● **GIVEN DATA**
----------
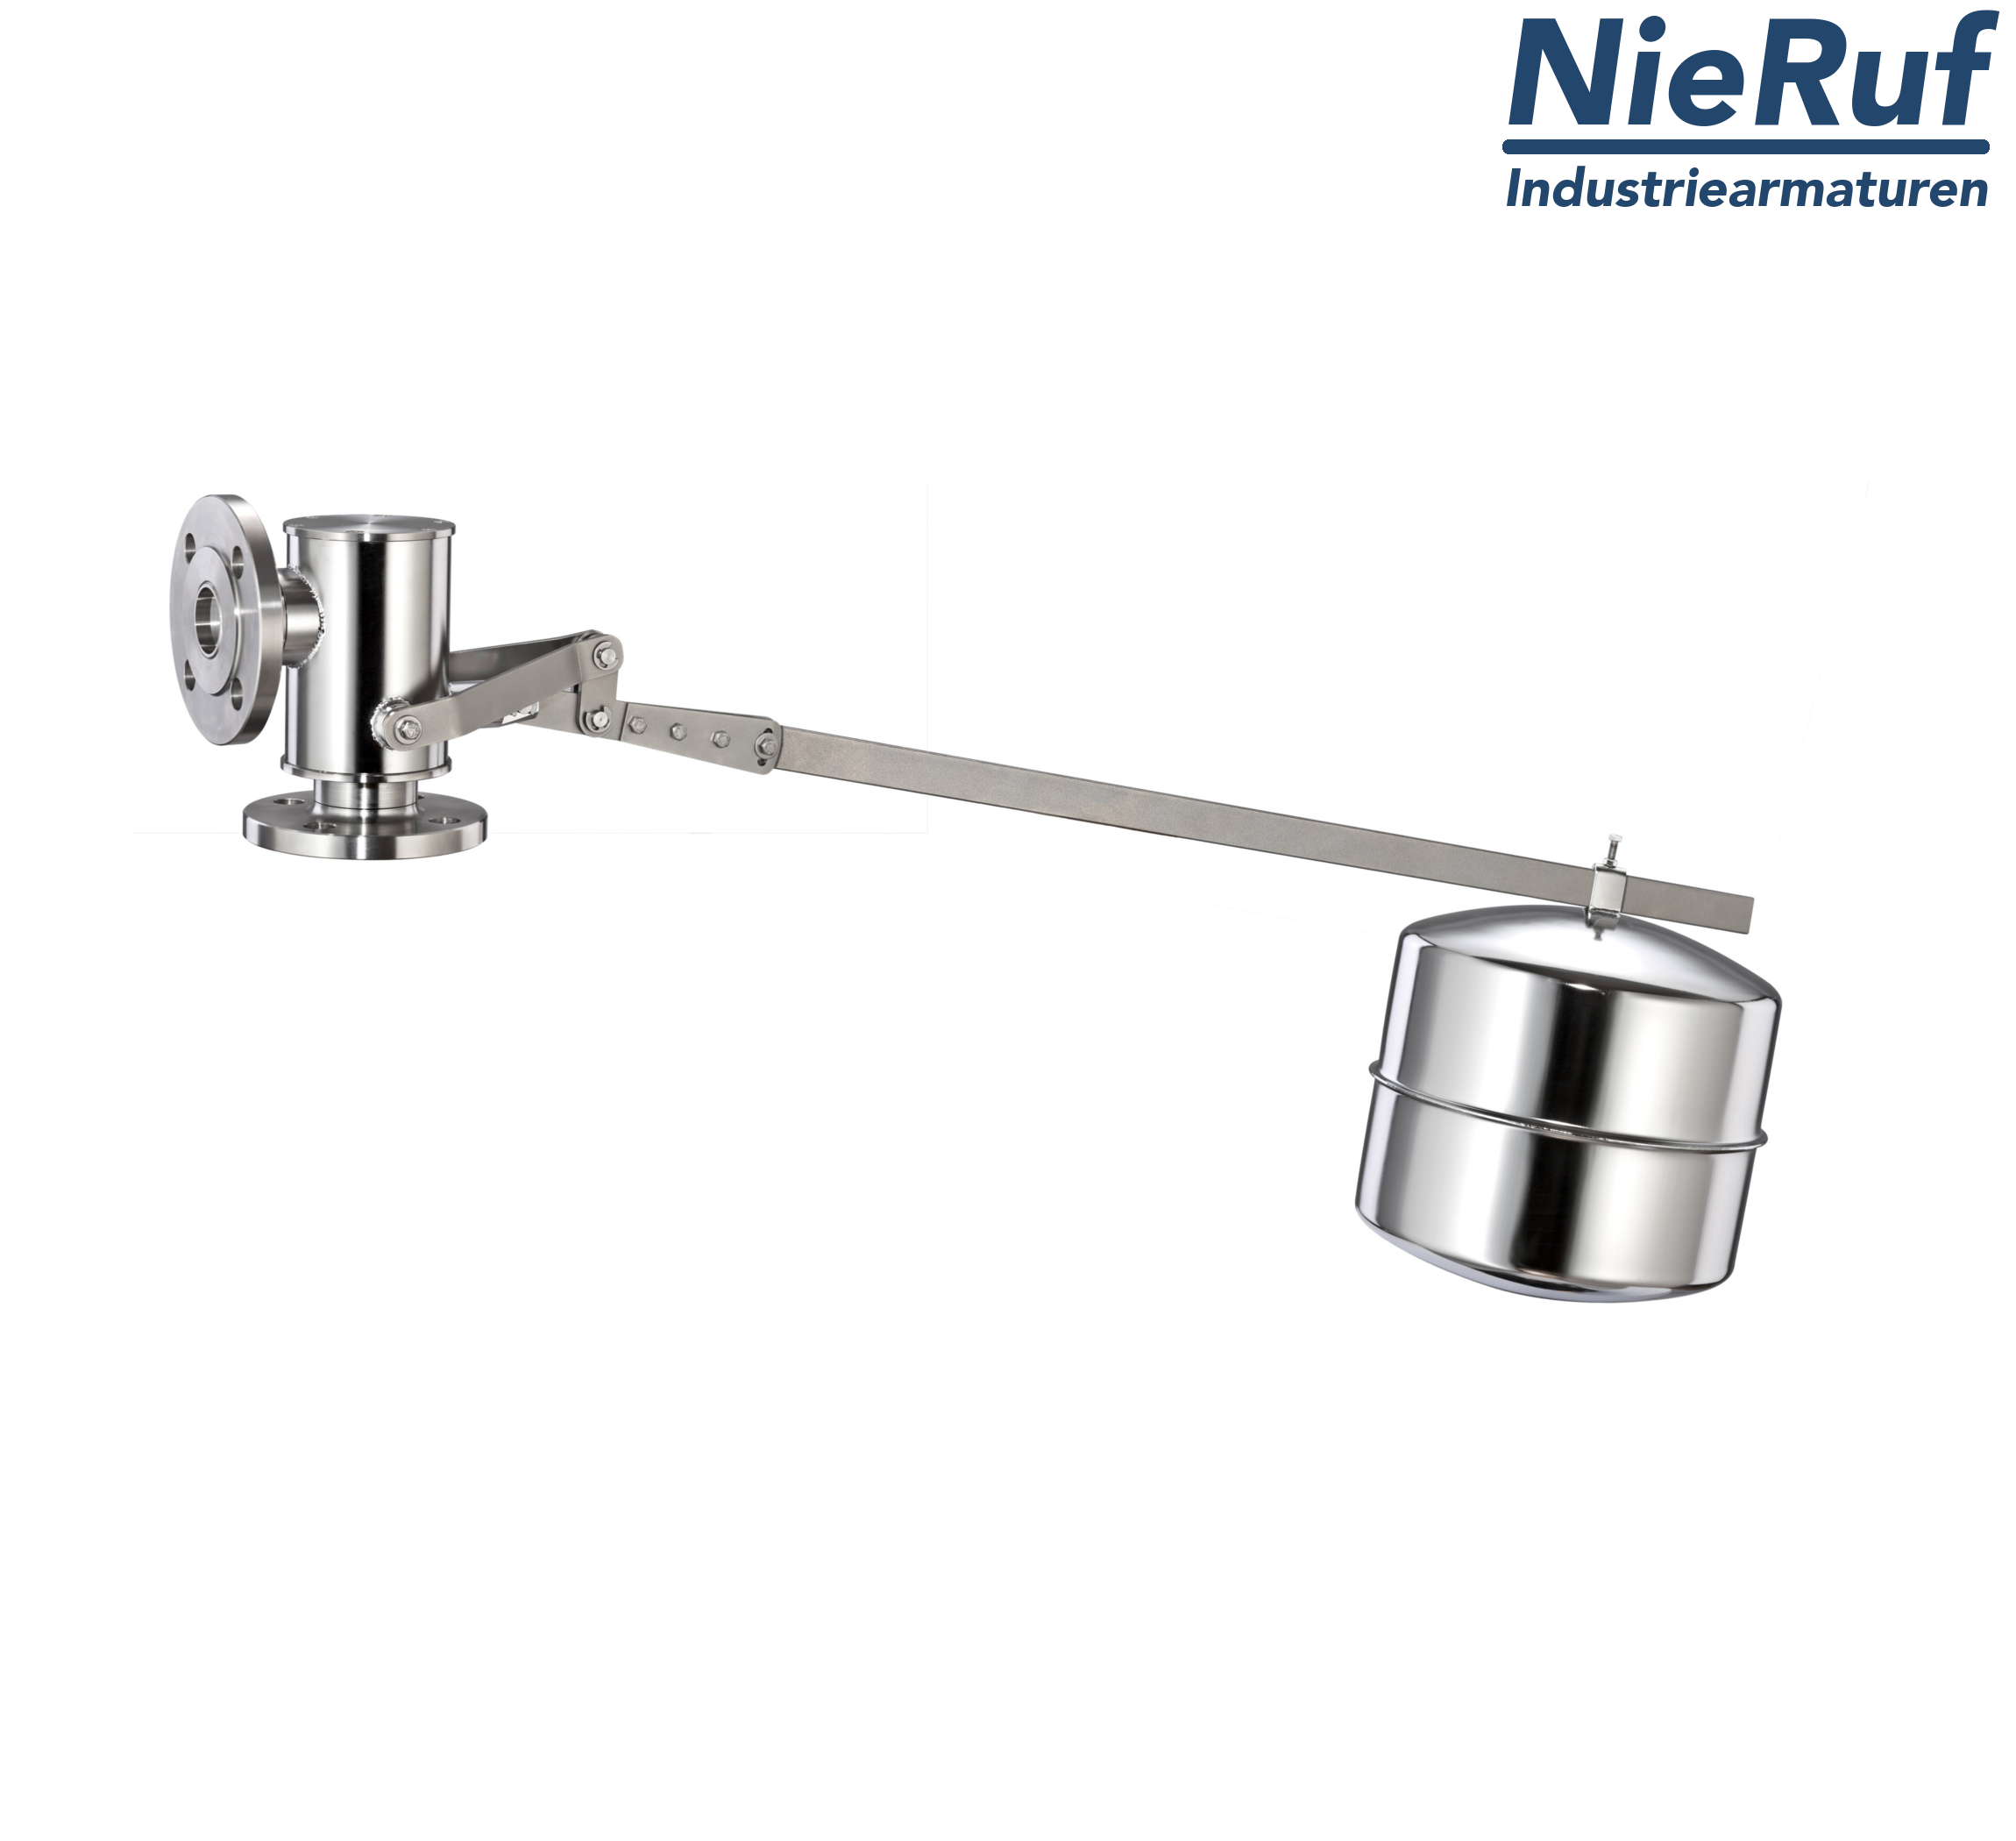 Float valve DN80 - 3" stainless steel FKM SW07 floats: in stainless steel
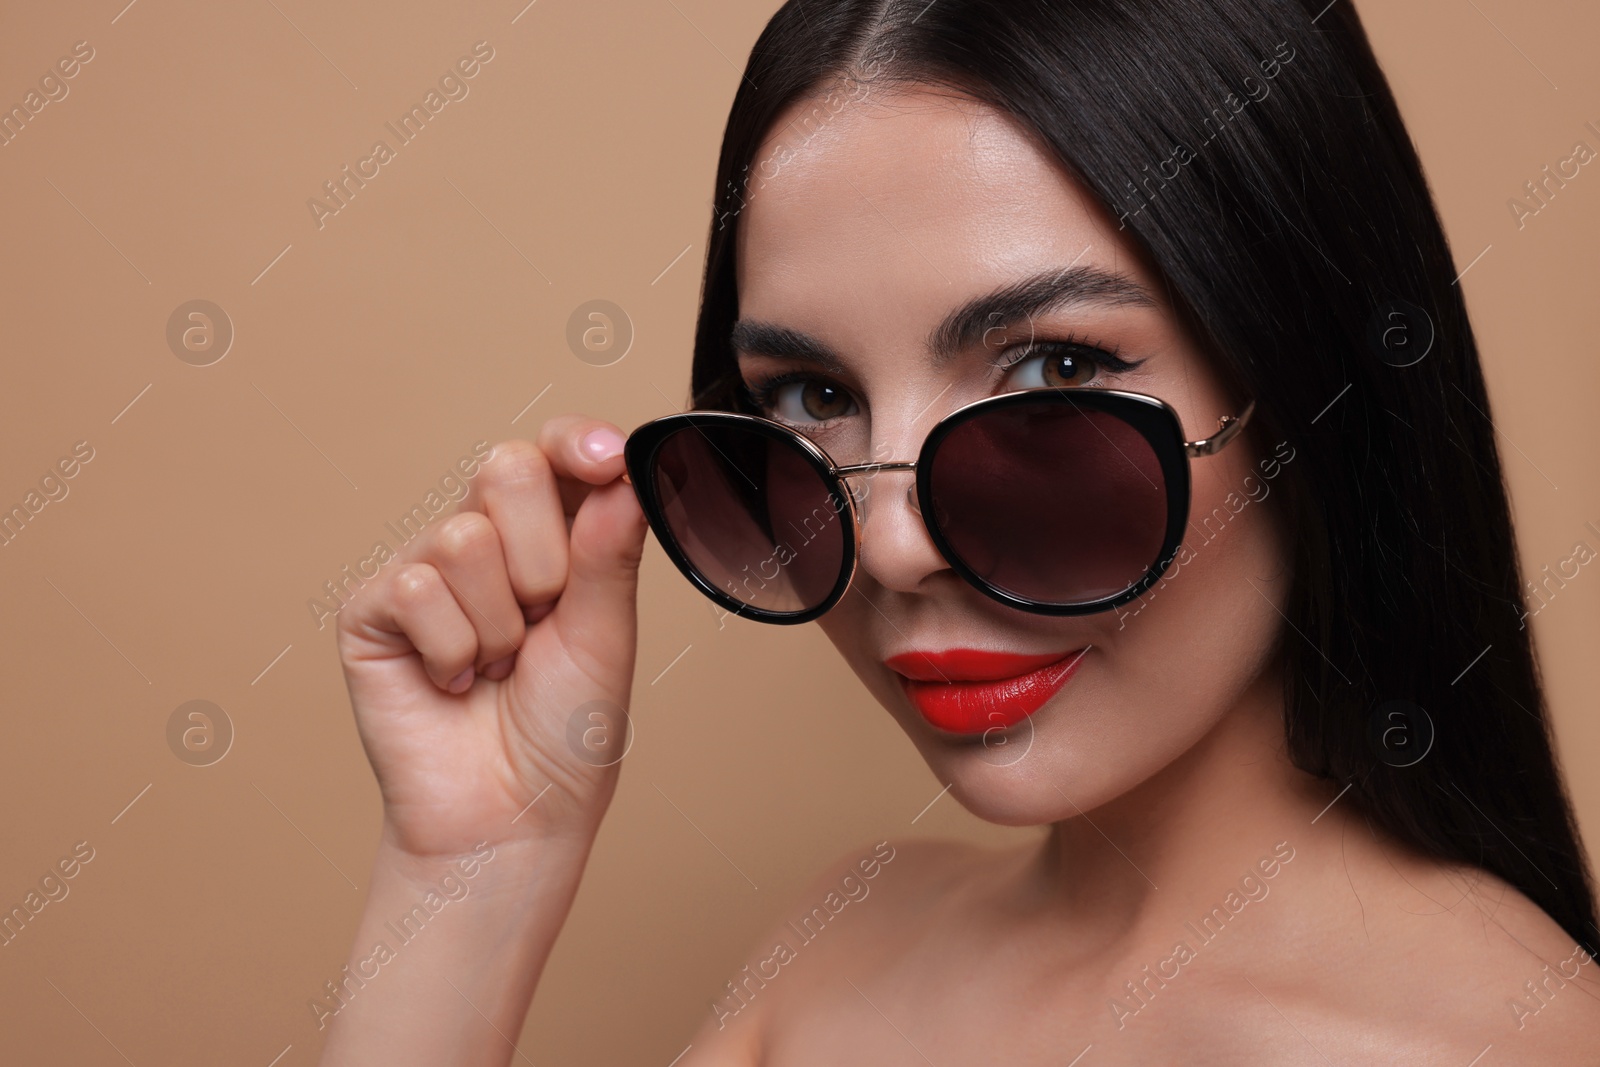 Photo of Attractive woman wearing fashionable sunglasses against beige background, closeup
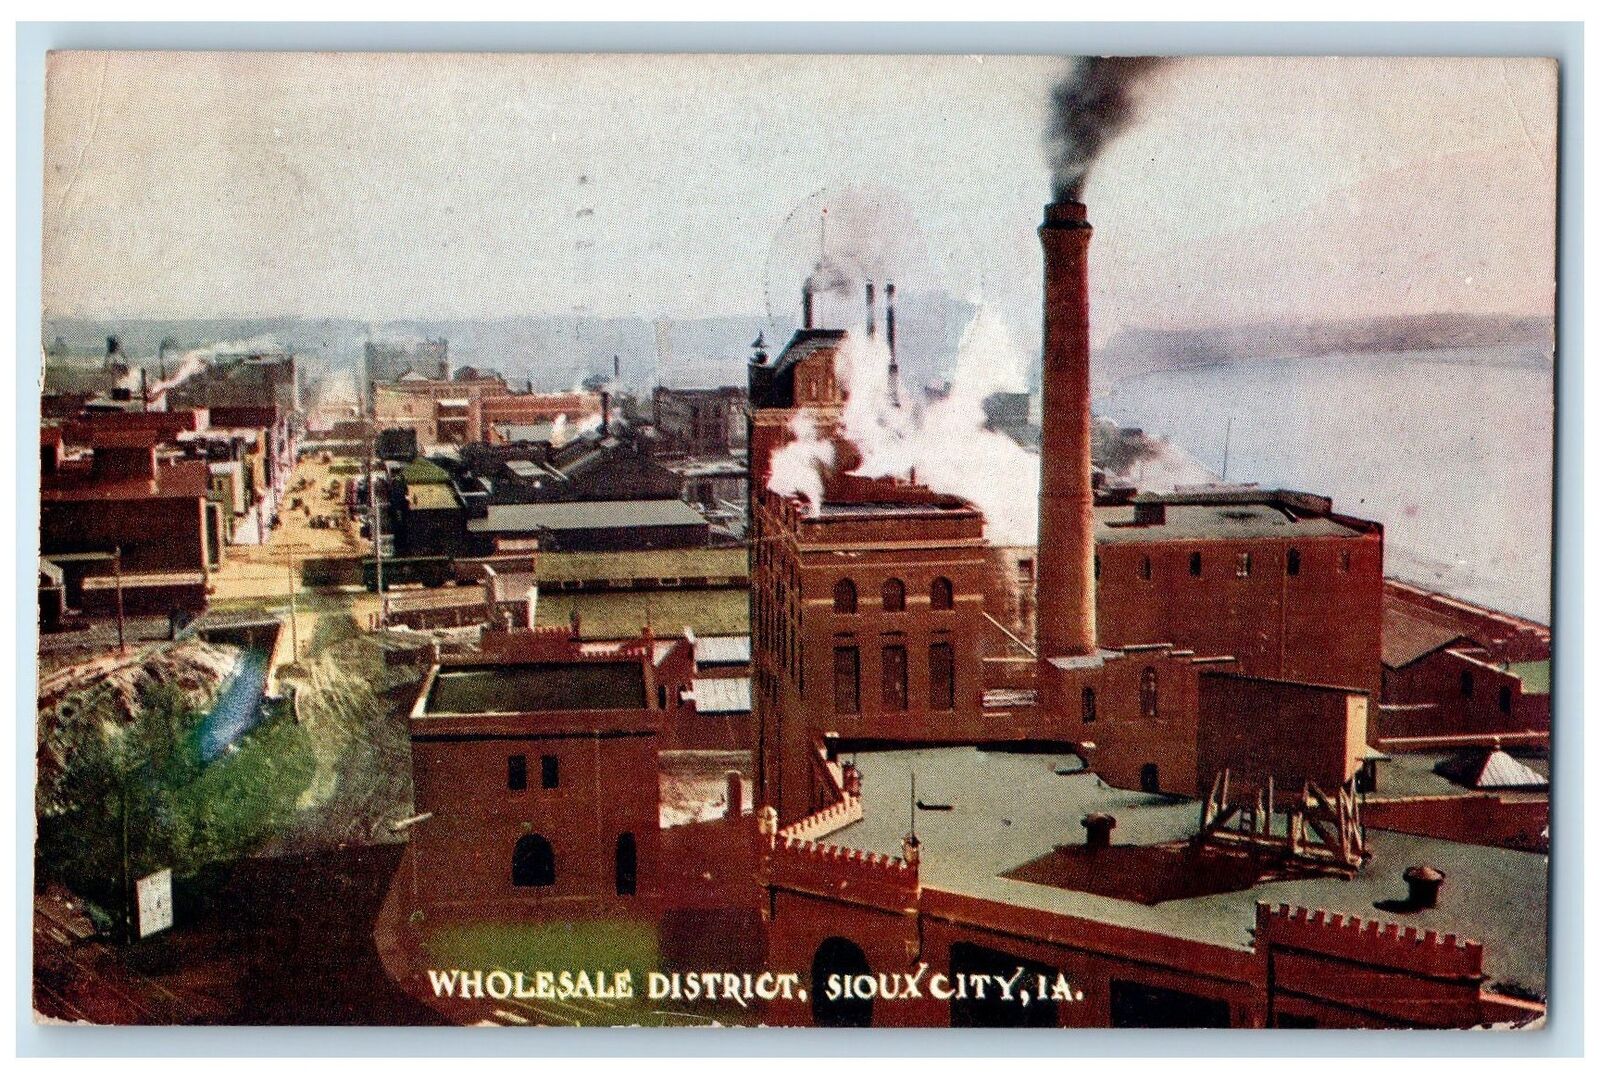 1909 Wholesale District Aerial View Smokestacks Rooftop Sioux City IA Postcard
----------
● **WHAT YOU ARE ASKED TO DO**
Could you copy the data above exactly, leaving the pictures out?

● **ANSWER TO THIS PROBLEM**
 Float valve DN80 - 3" stainless steel FKM SW07 floats: in stainless steel
 Photo of Attractive woman wearing fashionable sunglasses against beige background, closeup
 1909 Wholesale District Aerial View Smokestacks Rooftop Sioux City IA Postcard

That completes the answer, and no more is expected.